However, the above-mentioned method of the prior art not only requires a complicated technique of two-step swelling but also requires a long time for the swelling process itself, which significantly increases the productivity. It has the drawback of chipping. Regarding the problem when compounding / encapsulating solid components,
It is obvious that the above method does not solve anything.

Since monodisperse particles having a particle size of several μm or more do not require classification operation, they are used as electrophotographic toners, gap control agents for liquid crystal display plates, medical diagnostic carriers, standard particles for particle size measurement, and chromatography. It is used as a filler for cosmetics, a filler for cosmetics, and a texture modifier for synthetic leather.

Accordingly, an object of the present invention is to provide composite polymer particles in which specific solid components are further composited and / or encapsulated with monodispersed and large-sized polymer particles.

Another object of the present invention is to provide a monodisperse and large particle which is compatible with the above-mentioned applications, particularly electrophotographic toner and medical diagnostic carrier.

[0010]

[Means for Solving the Problems] In order to achieve the above object, the present inventors have conducted extensive studies and completed the present invention. That is, to a polymer particle dispersion liquid that does not substantially contain a dispersant, an ethylenically unsaturated monomer that is the same as and / or different from the ethylenically unsaturated monomer unit that constitutes the polymer particles is added to be water-soluble. After adding an aqueous dispersion of solid components in a state where the polymerization conversion rate of seed polymerization is 20 to 85% with respect to monodispersed and large-sized polymer particles obtained by seed polymerization in the presence of a radical polymerization initiator.
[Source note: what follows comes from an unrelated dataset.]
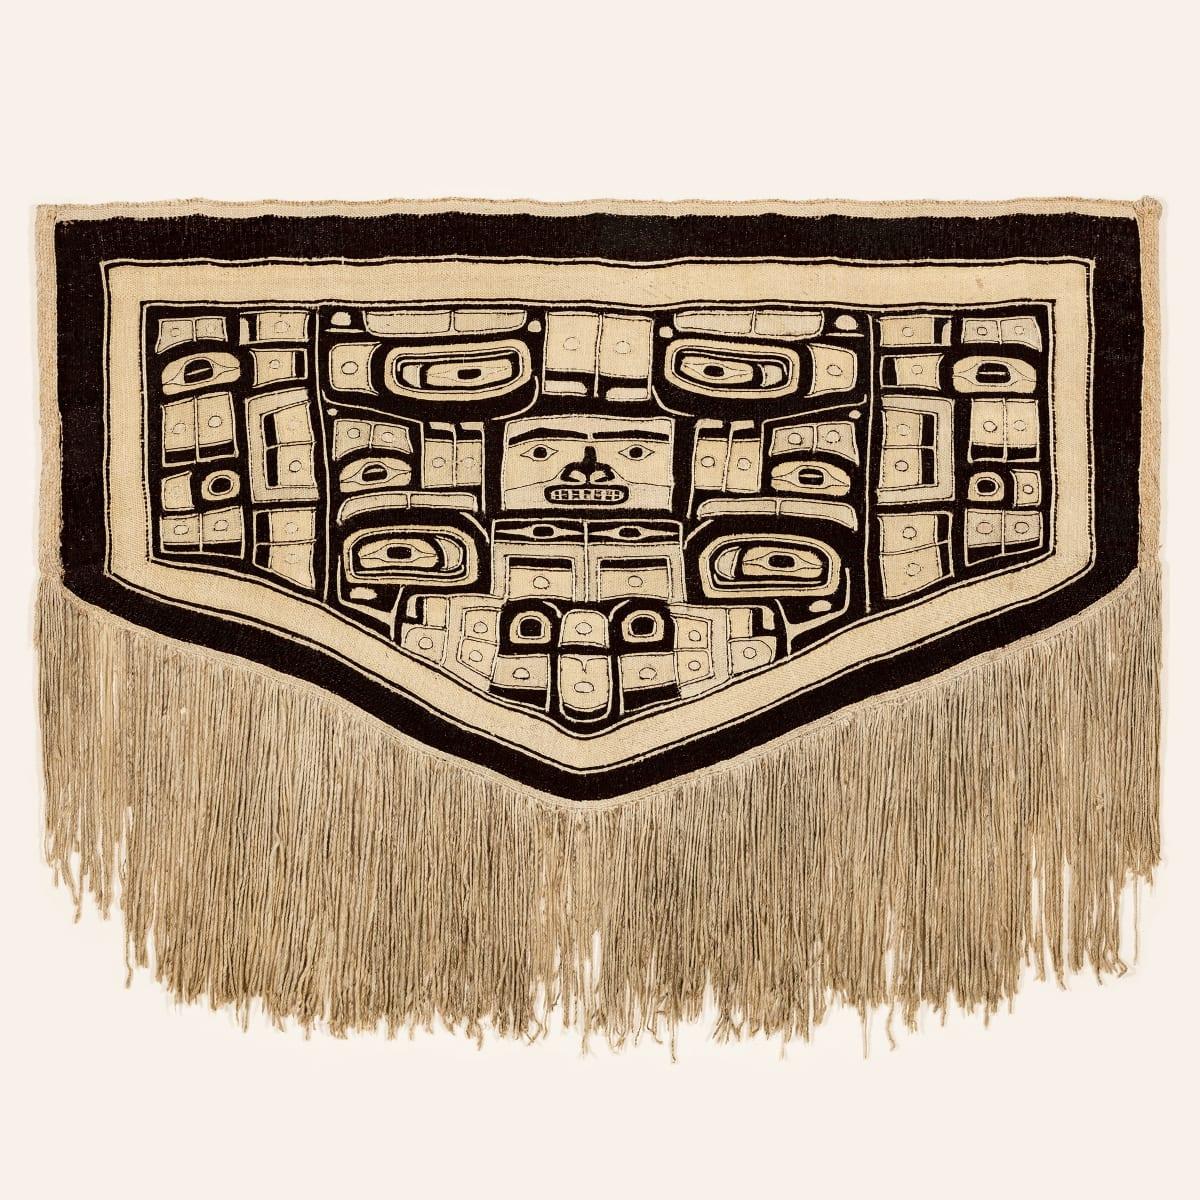 UNIDENTIFIED ARTIST, TLINGIT, CHILKAT KWAAN Chilkat Robe (Naaxein), c. 1880 ESTIMATE: $25,000 — $35,000 PRICE REALIZED: $26,400

It is achieved by accelerating from a constant stirring speed to a constant secondary stirring speed, stirring at this speed for a certain period of time, and then returning to the constant stirring speed again to proceed with polymerization.

Further, it is achieved by adding a critical amount or less of the ethylenically unsaturated monomer to the polymer particles in which the solid component produced as described above is complexed, and performing seed emulsion polymerization.

Next, the present invention will be described in detail.

(Seed Particles) In the present invention, in the polymerization process of seed emulsion polymerization, an aqueous dispersion containing a solid component to be complexed is added, and at the same time, the stirring speed is increased from a steady speed to a high secondary stirring speed. , Complexing the solid component with the polymer particles. As the polymer particles used here, particles selected from emulsion polymerization, suspension polymerization and dispersion polymerization can be used. Particularly, polymer particles produced by emulsion polymerization are useful because they have a wide selection range of monomers, can easily introduce various functional groups, and can easily produce particles having a narrow particle size distribution. It is necessary to remove the dispersant from the polymer particles produced by each method by washing operation or the like. In the case of emulsion polymerization, it is necessary to remove the surfactant by using dialysis, ultrafiltration or the like. At this time, the concentration of the surfactant may be set to the critical micelle formation concentration (abbreviated as CMC) or less.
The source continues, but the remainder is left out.